START Provided material
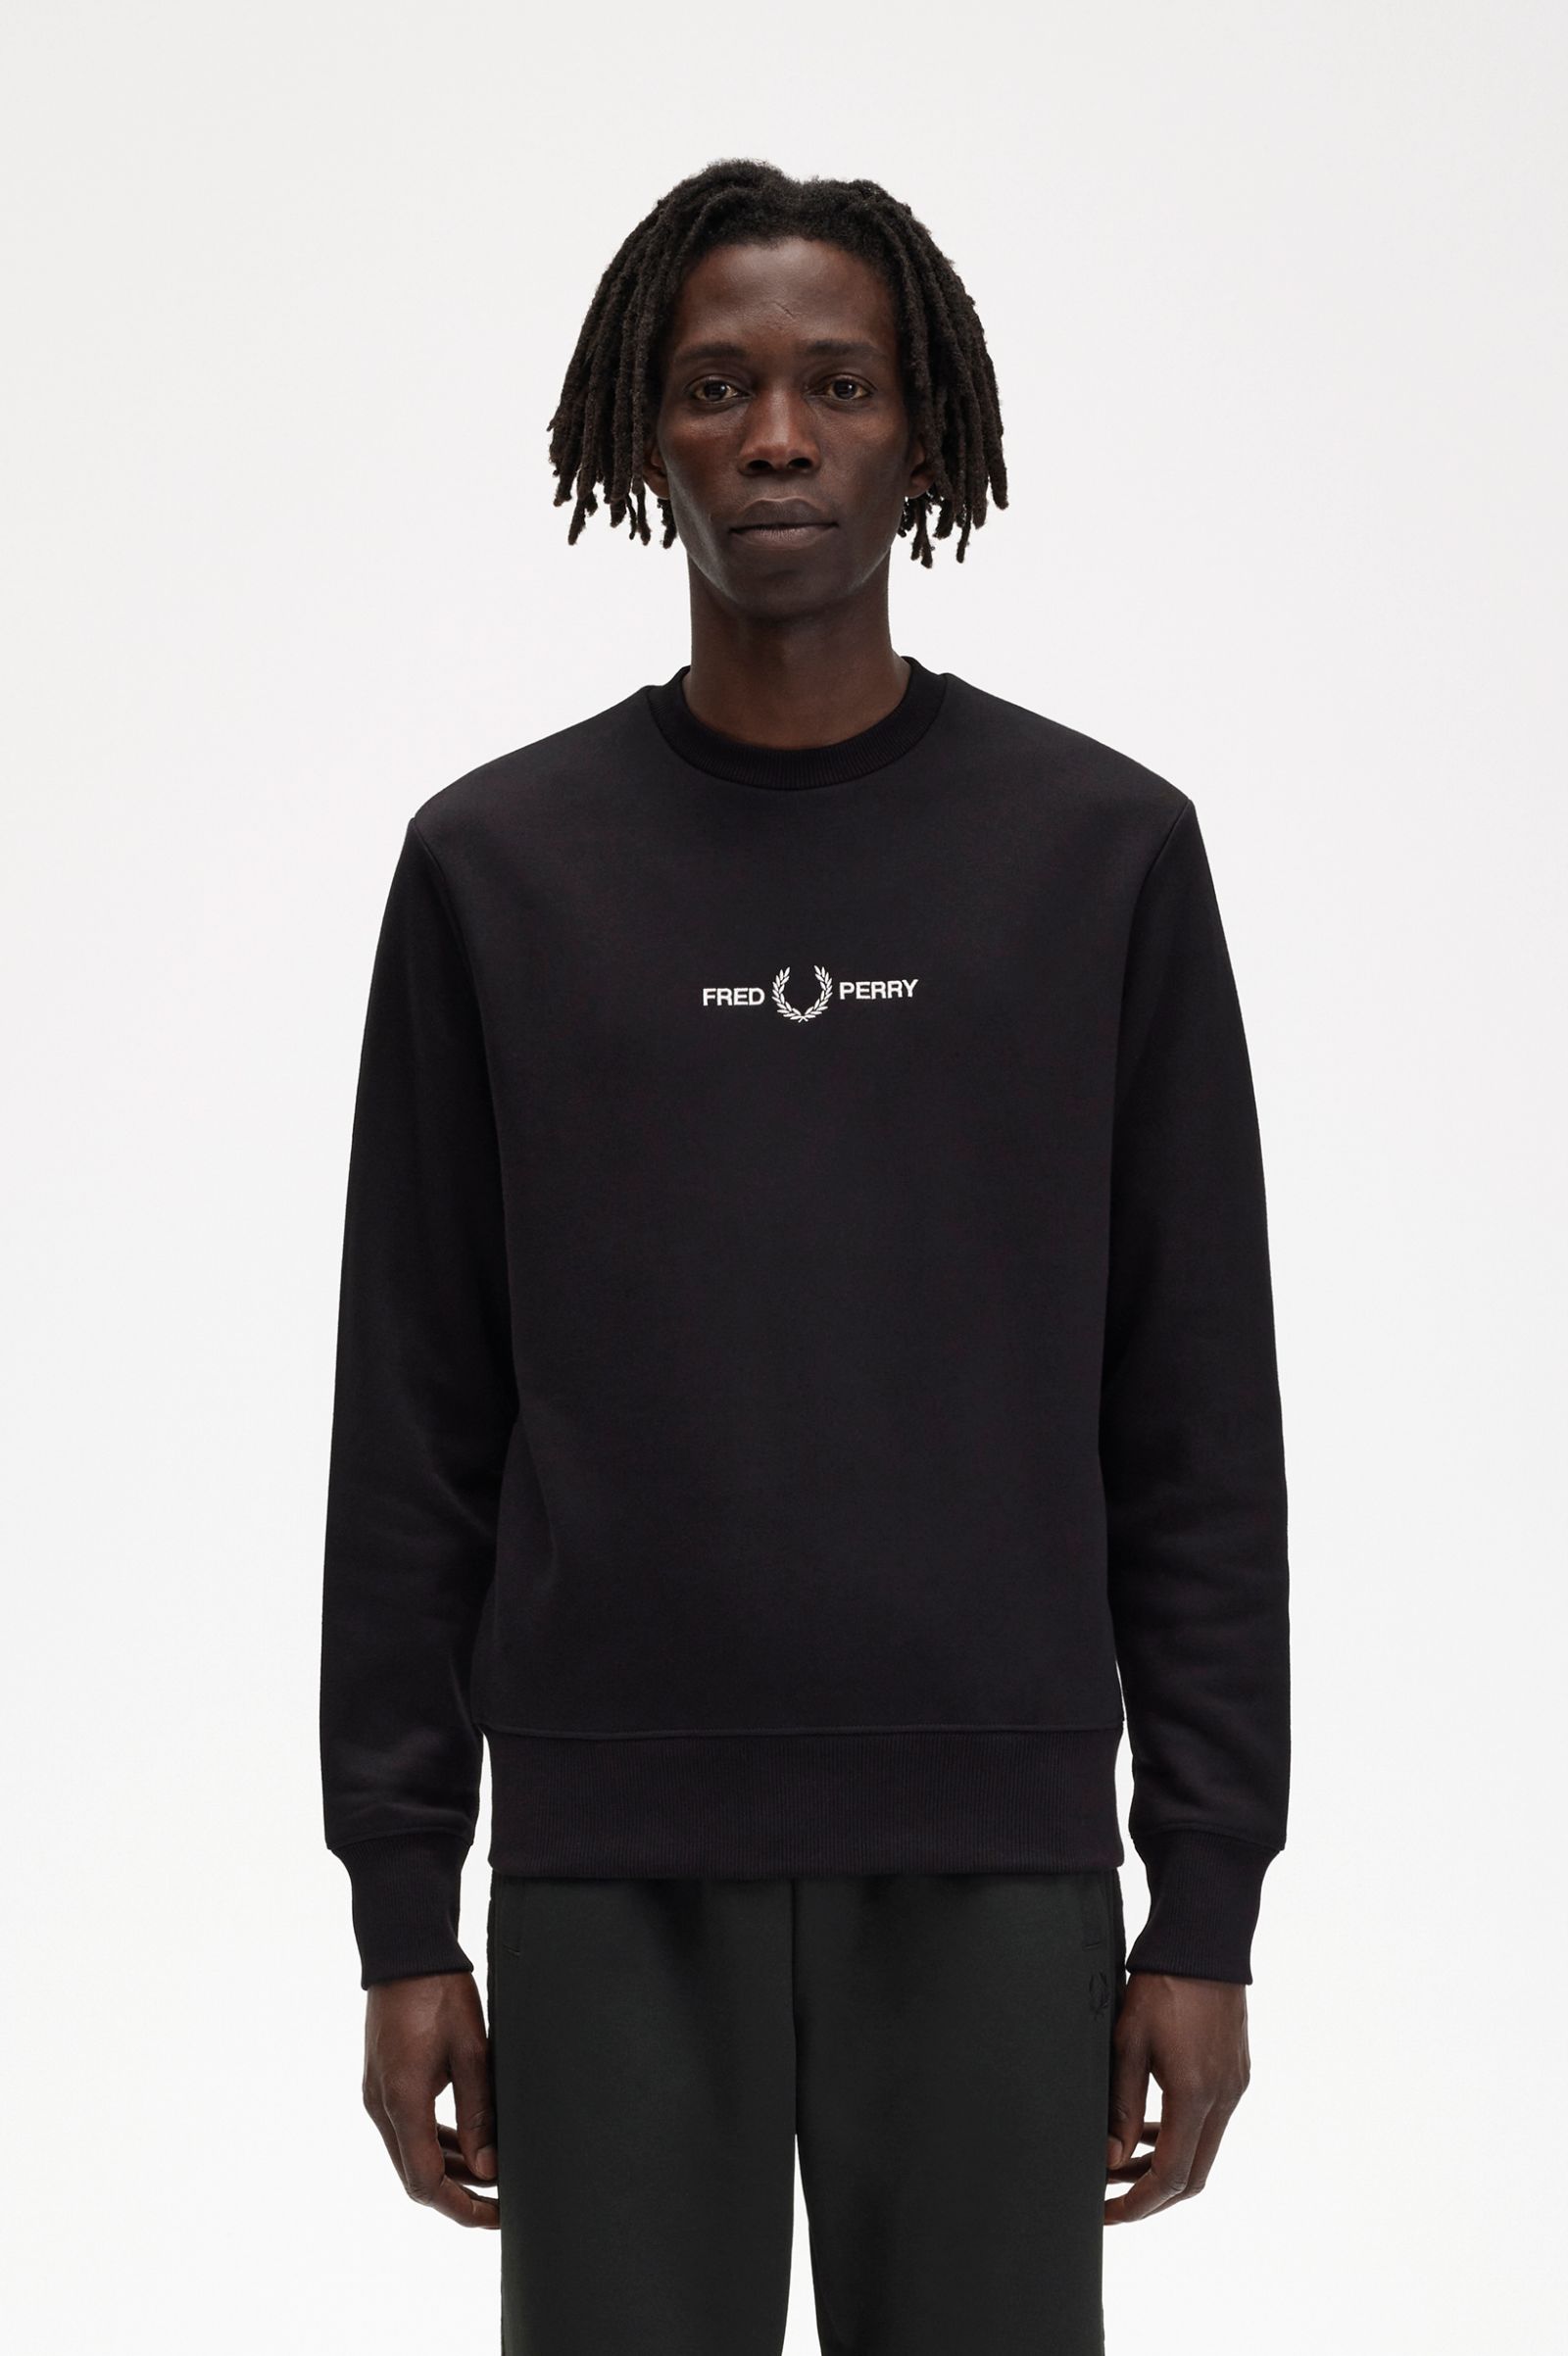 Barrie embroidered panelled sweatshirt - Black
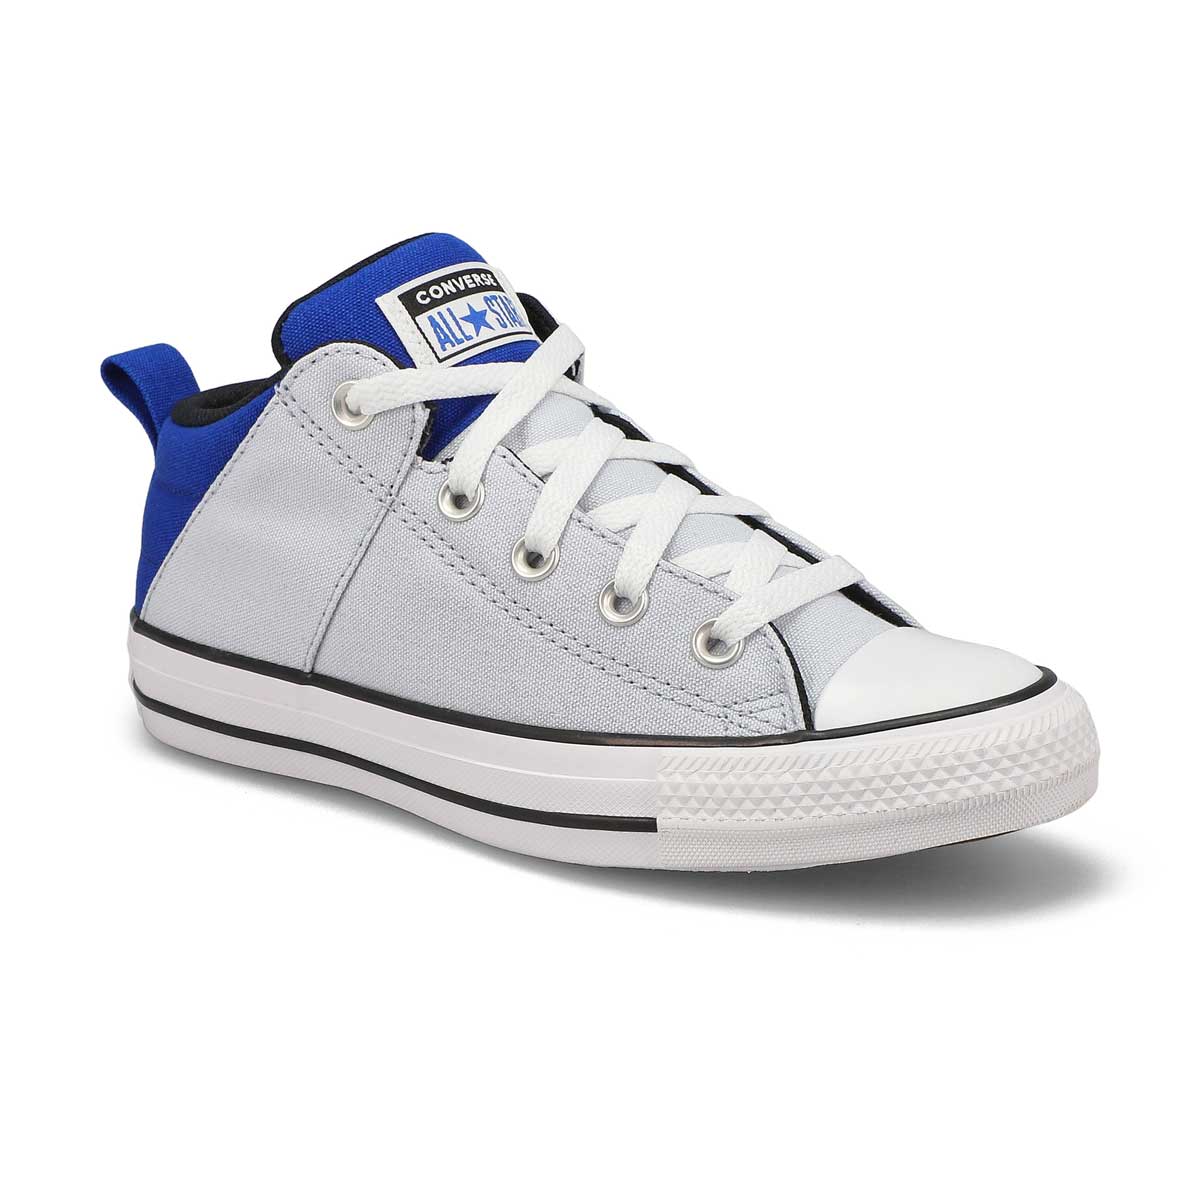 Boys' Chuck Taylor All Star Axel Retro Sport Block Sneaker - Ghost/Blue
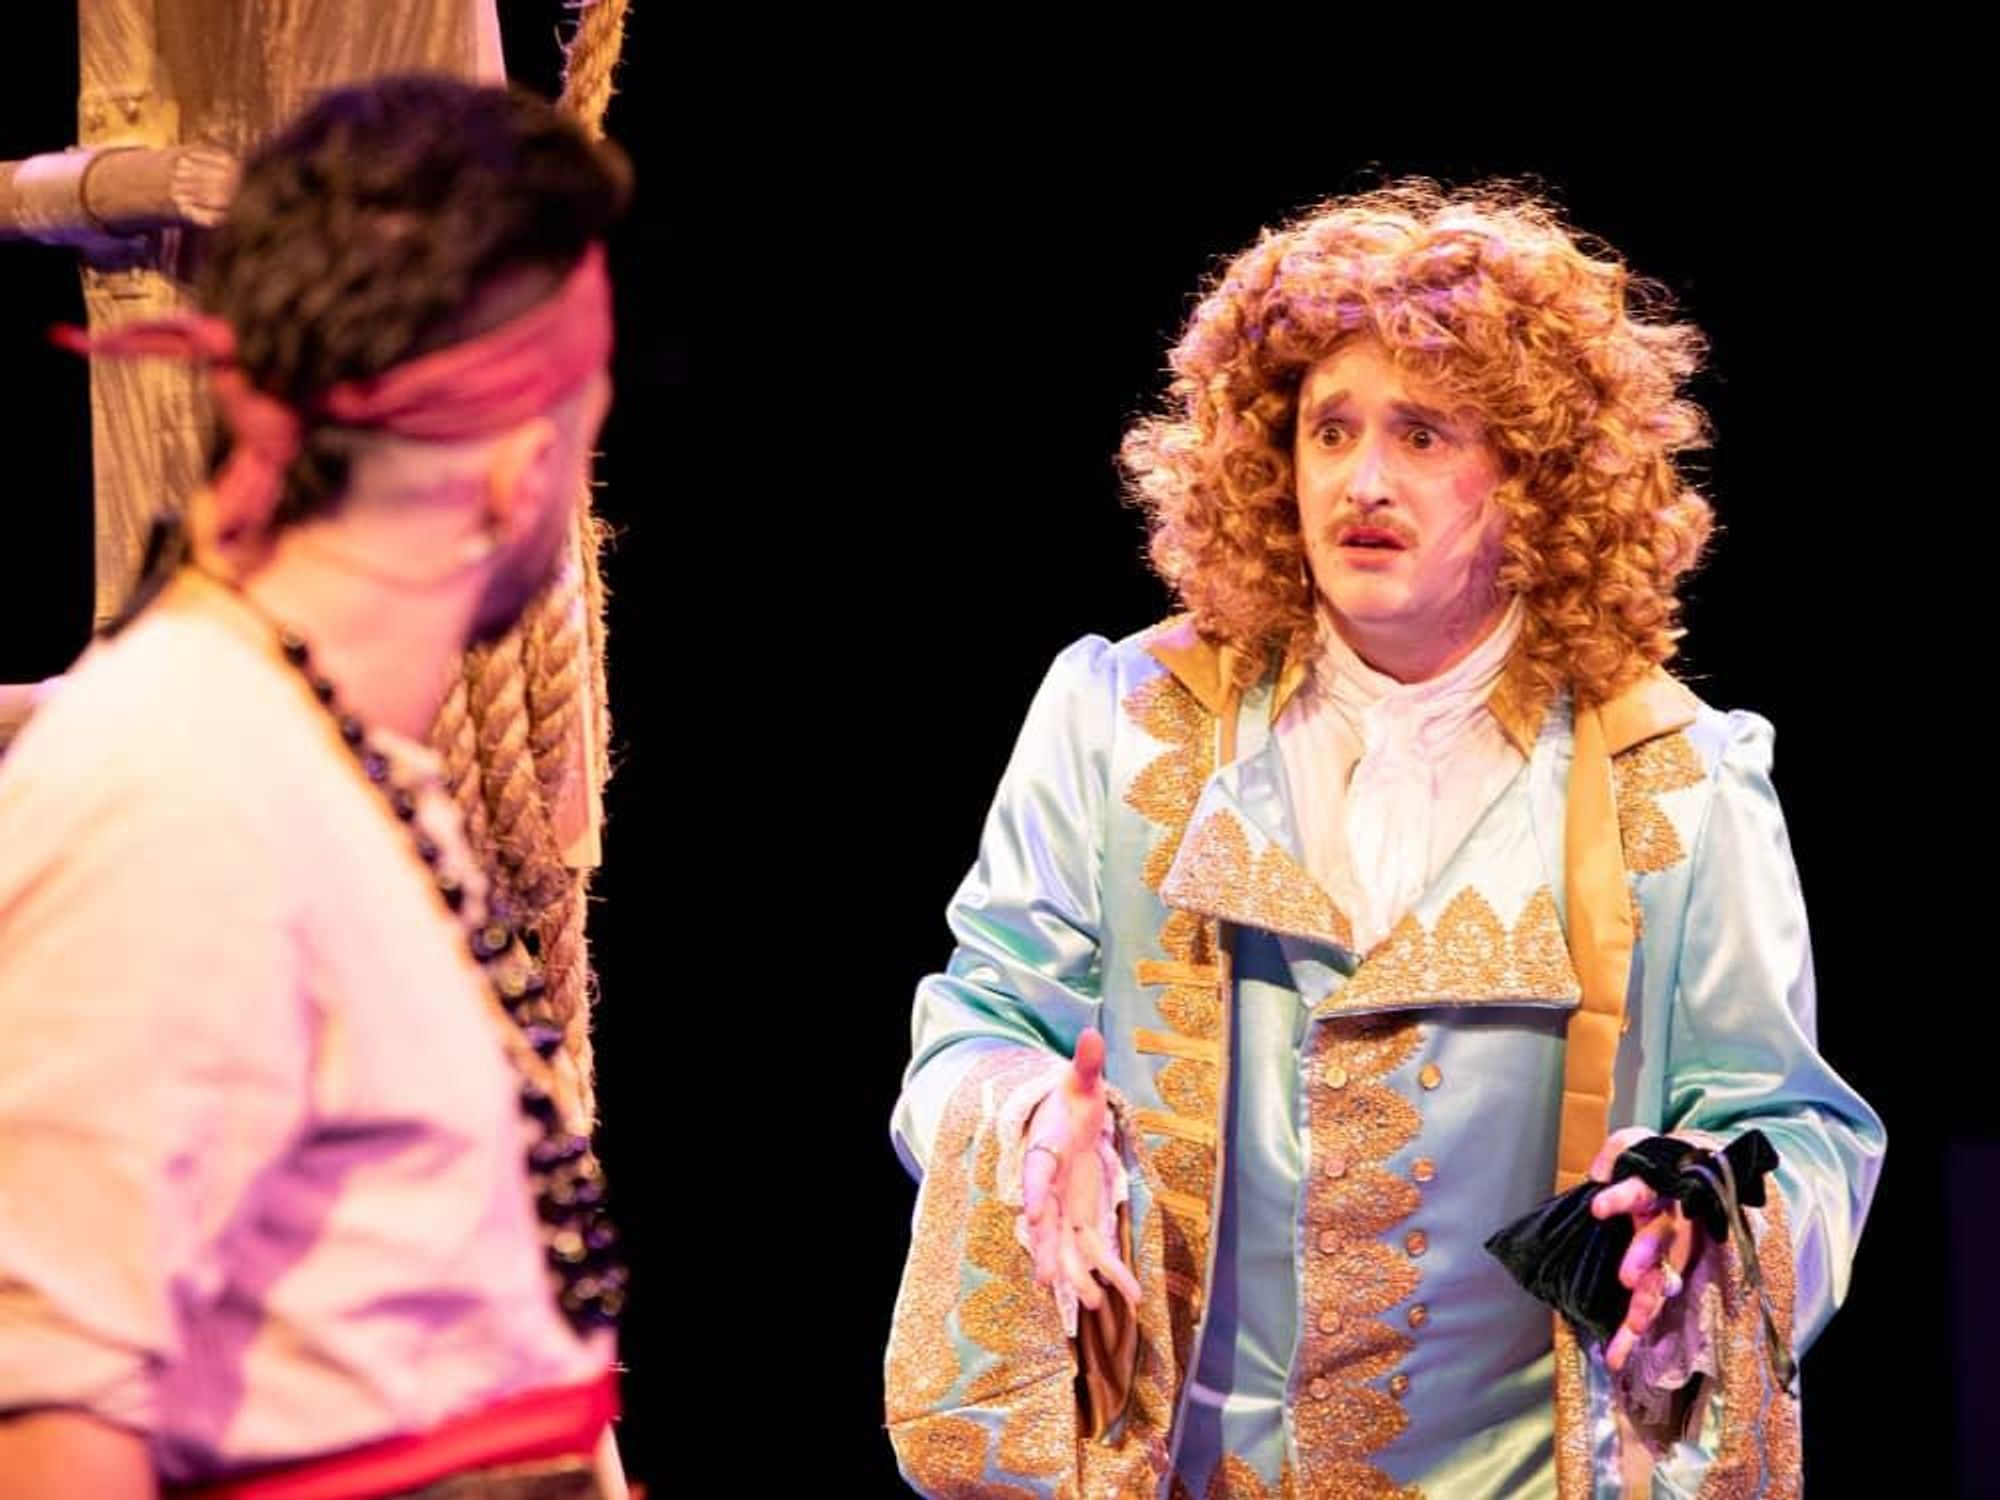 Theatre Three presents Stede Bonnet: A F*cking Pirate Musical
END Provided material
> **Task details**
Reproduce the material exactly; keep pictures out.

> **Answer box**
 Barrie embroidered panelled sweatshirt - Black
 Boys' Chuck Taylor All Star Axel Retro Sport Block Sneaker - Ghost/Blue
 Theatre Three presents Stede Bonnet: A F*cking Pirate Musical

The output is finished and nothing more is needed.